Can you elaborate the repro steps a little bit? I have mounted NOVA with metdata_csum, data_csum, and data_parity, and run test2.cpp and there is no error.

hayley-leblanc commented 3 years ago

I'm working with NOVA on a QEMU/KVM virtual machine with 1 core running Ubuntu 20.04. I wonder if it's an artifact of the specific setup I'm using. I'll mess around with the setup and configurations a bit and get back to you.

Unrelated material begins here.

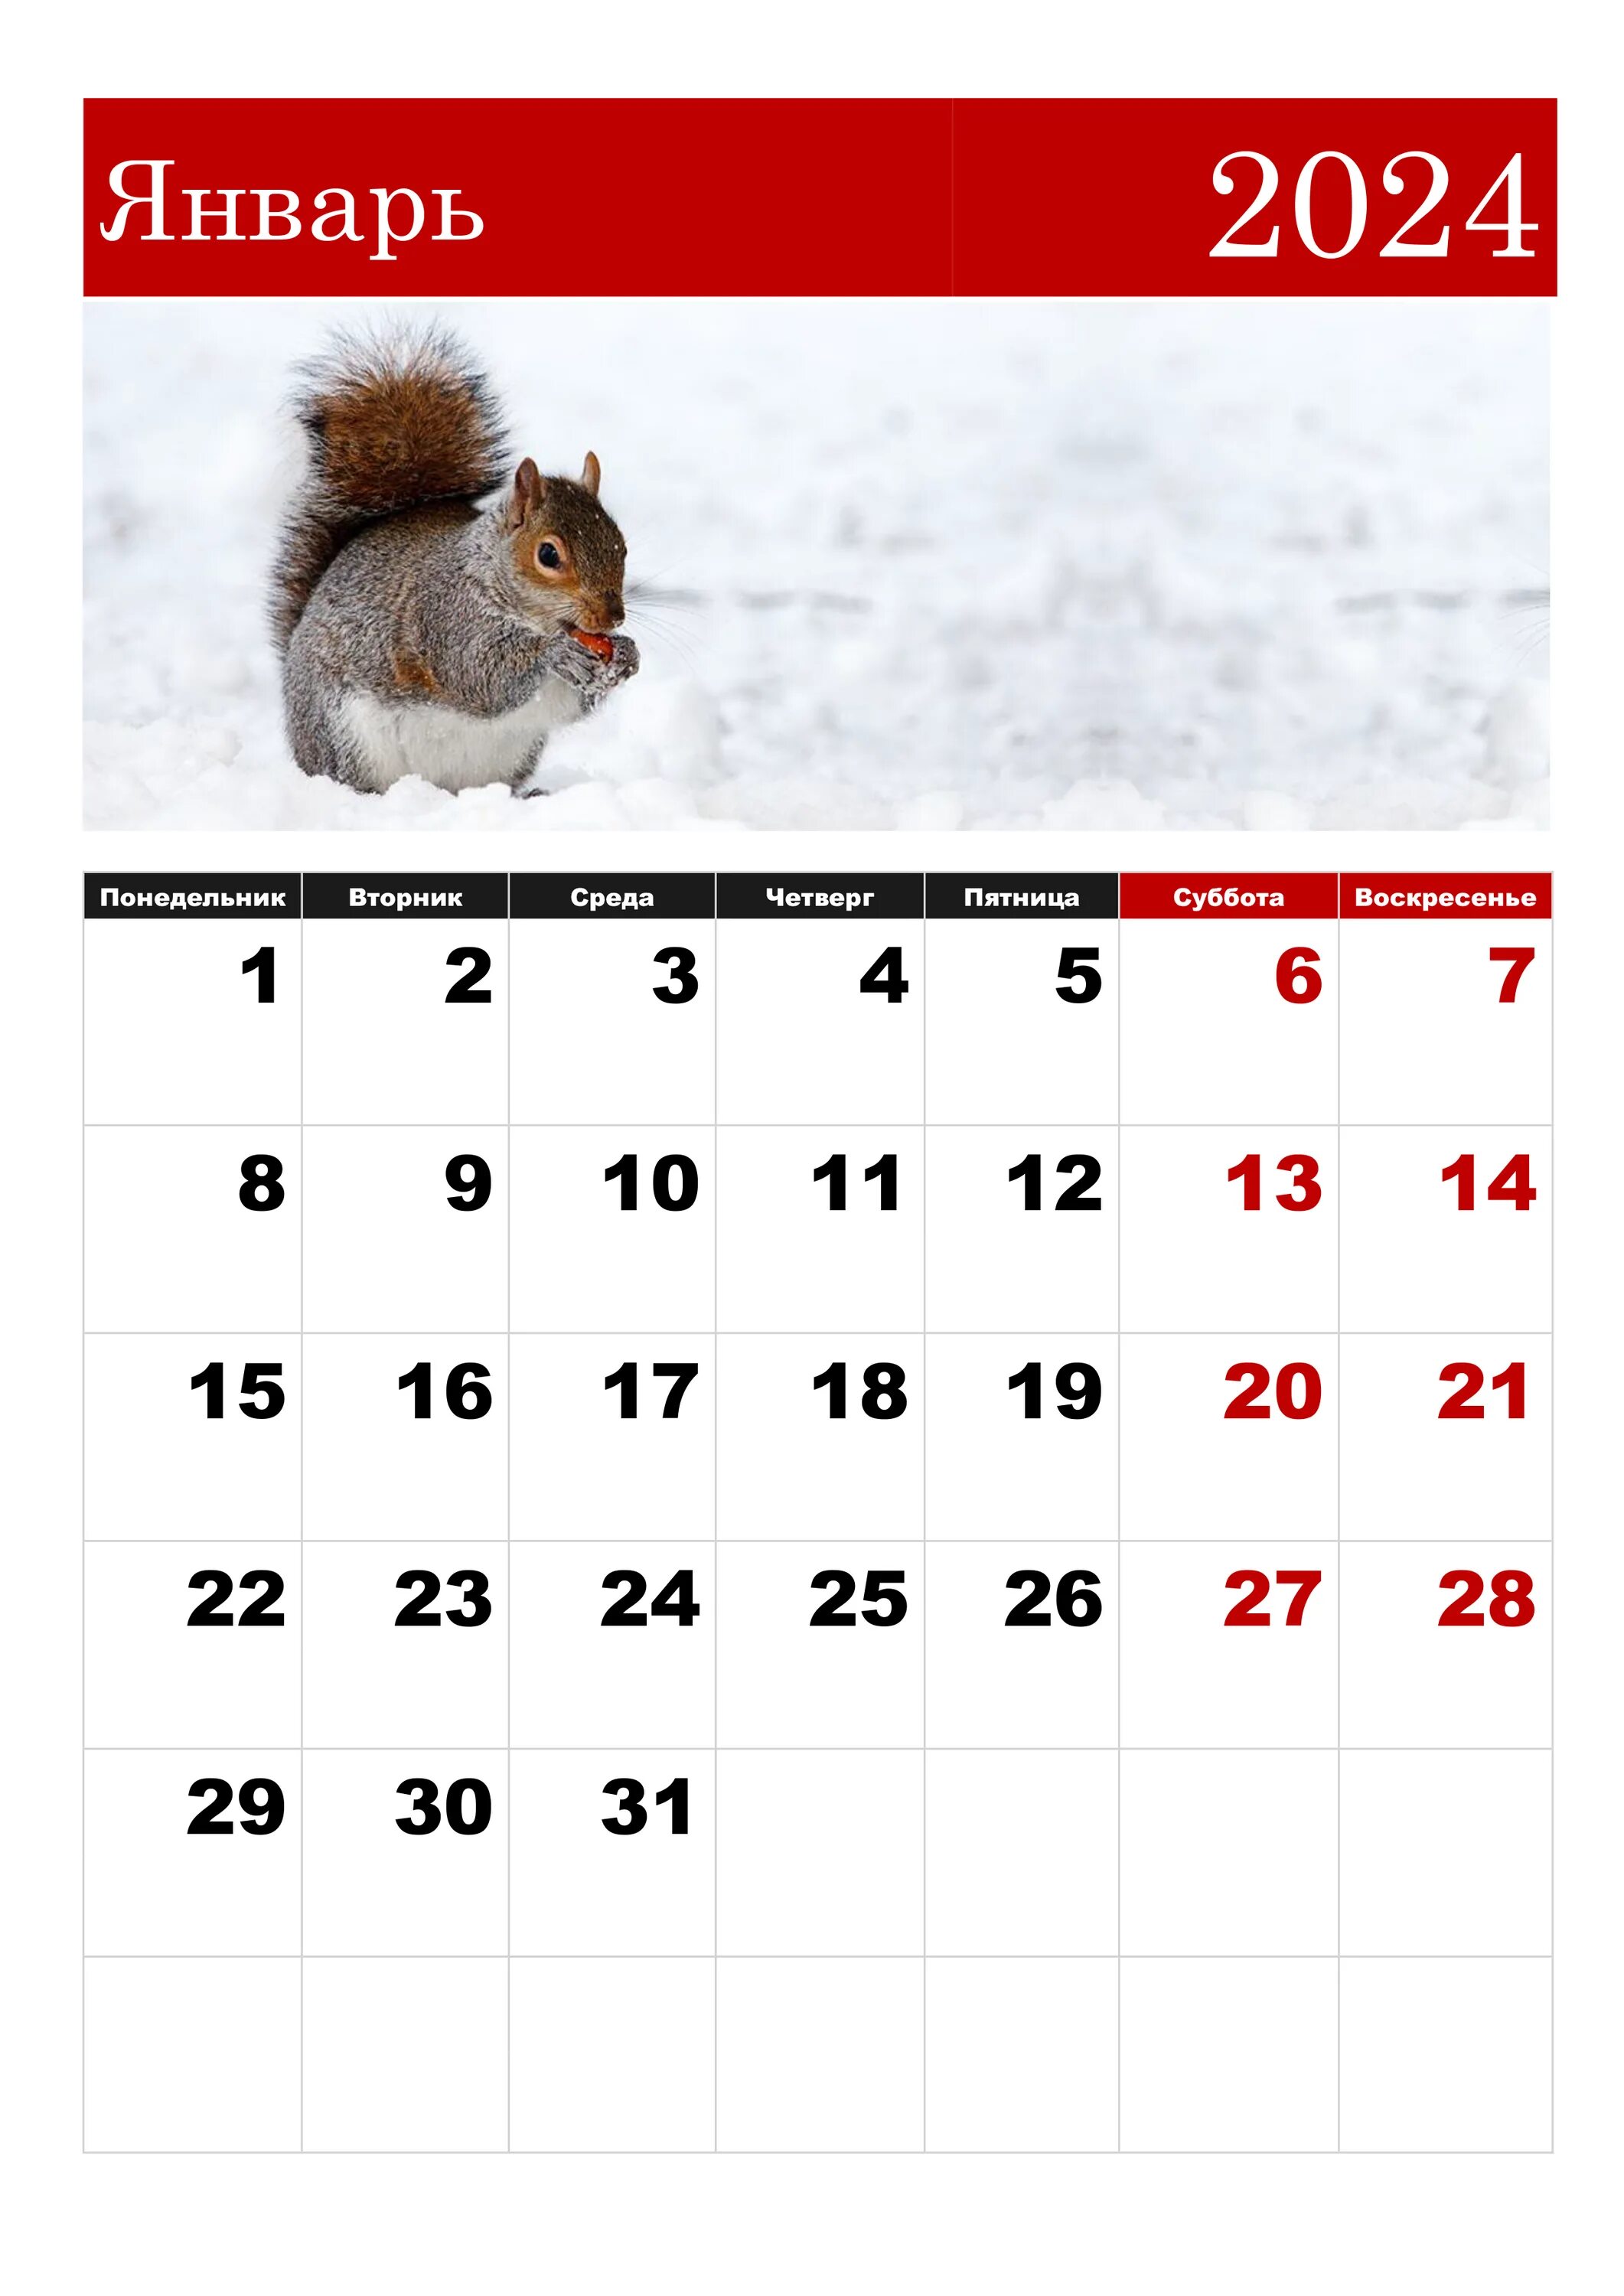 Календарная январь 2024. ЯНВАРЬРЬ 2024. Календарь январь. Календарь на январь 2024 года. Какой будет январь февраль 2024 года
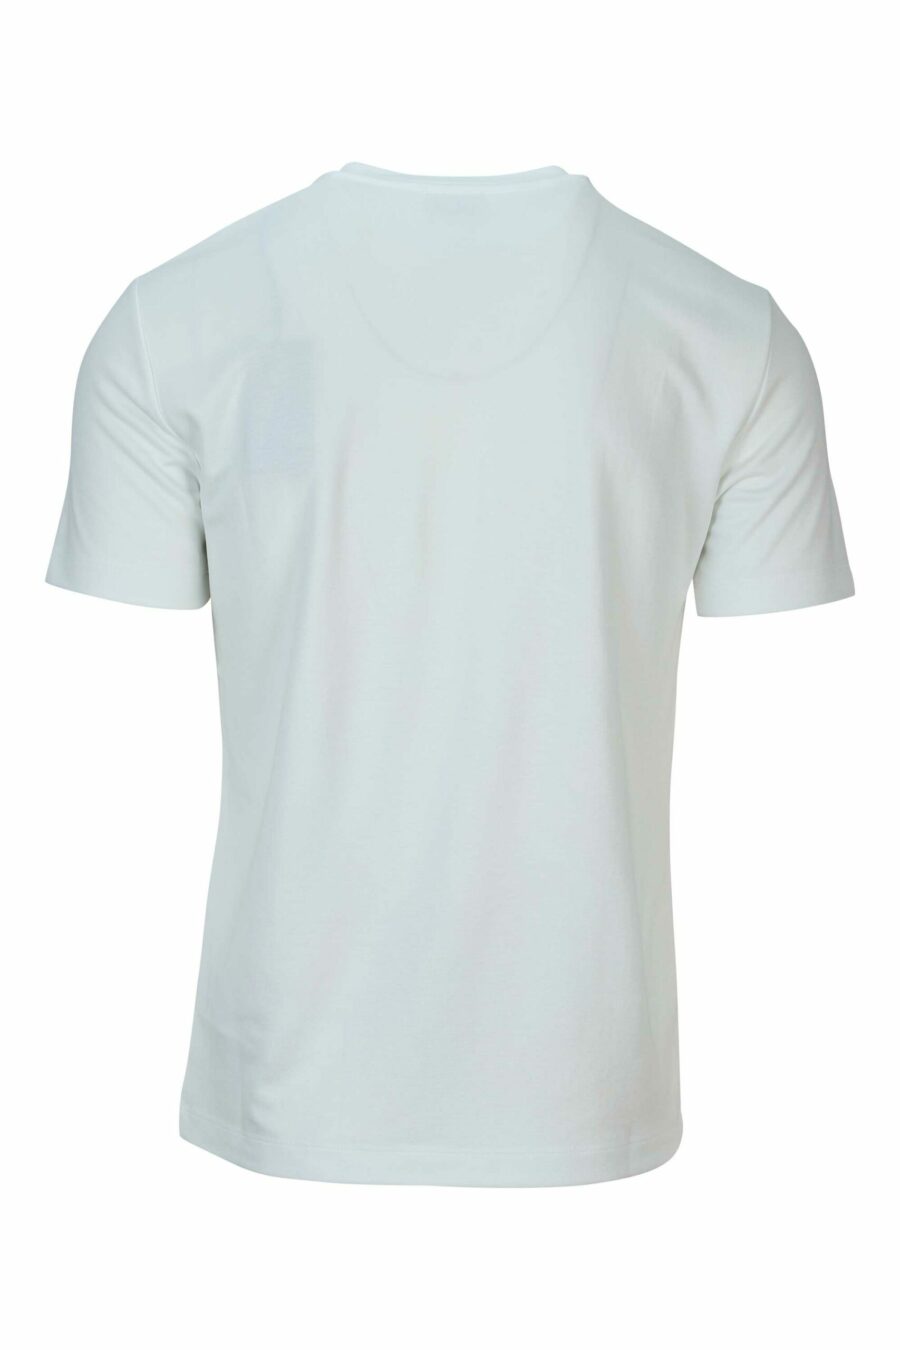 T-shirt blanc oversize avec mini-logo "lux identity" blanc sur fond noir - 8058947508495 1 scaled

hayley-leblanc commented 2 years ago

Here are more details about my setup and the steps to reproduce:

Setup: QEMU/KVM virtual machine running Ubuntu 20.04 and Linux kernel 5.1.0+ with KASAN. I initially ran into the issue on a VM with 8GB RAM, 128MB emulated persistent memory, and 1 core. I've also tried it out on 4GB of persistent memory and 4 cores and still run into the same issue. I'm building NOVA as a loadable module and manually loading it using insmod.

Steps to reproduce: I experimented a bit and found that both issues can be reproduced with only data_csum.

  1. Load NOVA with insmod path/to/nova/nova.ko data_csum=1
  2. Mount a fresh instance of NOVA with mount -t NOVA -o init /dev/pmem0 /mnt/pmem
  3. Run test2.cpp

I dug around in the code a bit and the second issue (the one causing pread() to fail for me) seems to occur in nova_verify_data_csum() when it's called during the pread(). The problem specifically only arises when the pread() is close to the size of the whole file; it seems to specifically be a problem with reading the very last stripe. I modified the for loop on line 758 of checksum.c to only iterate over strps-1 stripes and that allows pread() to complete successfully, but then it's not actually verifying everything. The KASAN bug appears to be hit on line 572 of checksum.c, in nova_update_stripe_csum(), but I don't know exactly why and I don't have a workaround for that one.

Andiry commented 2 years ago

I have tried again and cannot reproduce on a bare-metal machine. I do suspect this is related with VM and I have seen people reported issues on VM before. I think there are some kernel flags related to memory need to be disabled for NOVA running on VM, but I can't recall them - perhaps they are mentioned in some other issues. Can you try on a bare-metal machine to see if it is reproducible?

hayley-leblanc commented 2 years ago

I tried it on a bare-metal machine and was not able to replicate the issue there. I compared the execution on bare-metal vs. the VM and found that the issue comes from line 174 of parity.c: https://github.com/NVSL/linux-nova/blob/b817ca322e6fc61f532174e7effc4b6c81528e3f/fs/nova/parity.c#L174

unroll_csum is set to 0 on my VM and 1 on my bare-metal machine. This led to the following if statement evaluating to true on the VM but not on baremetal: https://github.com/NVSL/linux-nova/blob/b817ca322e6fc61f532174e7effc4b6c81528e3f/fs/nova/parity.c#L248-L250 The two problems described in this issue only occur when the contents of the if statement are run, which is why they aren't showing up on baremetal.

The root of the problem on the VM seems to be that by default, the virtualized CPU does not have the X86_FEATURE_XMM4_2 feature flag that is used to set unroll_csum. I was able to fix this on my VM by adding -cpu host to the qemu command that starts the VM.

This still seems like an bug to me, since it does appear that NOVA is intended to support CPUs without this feature.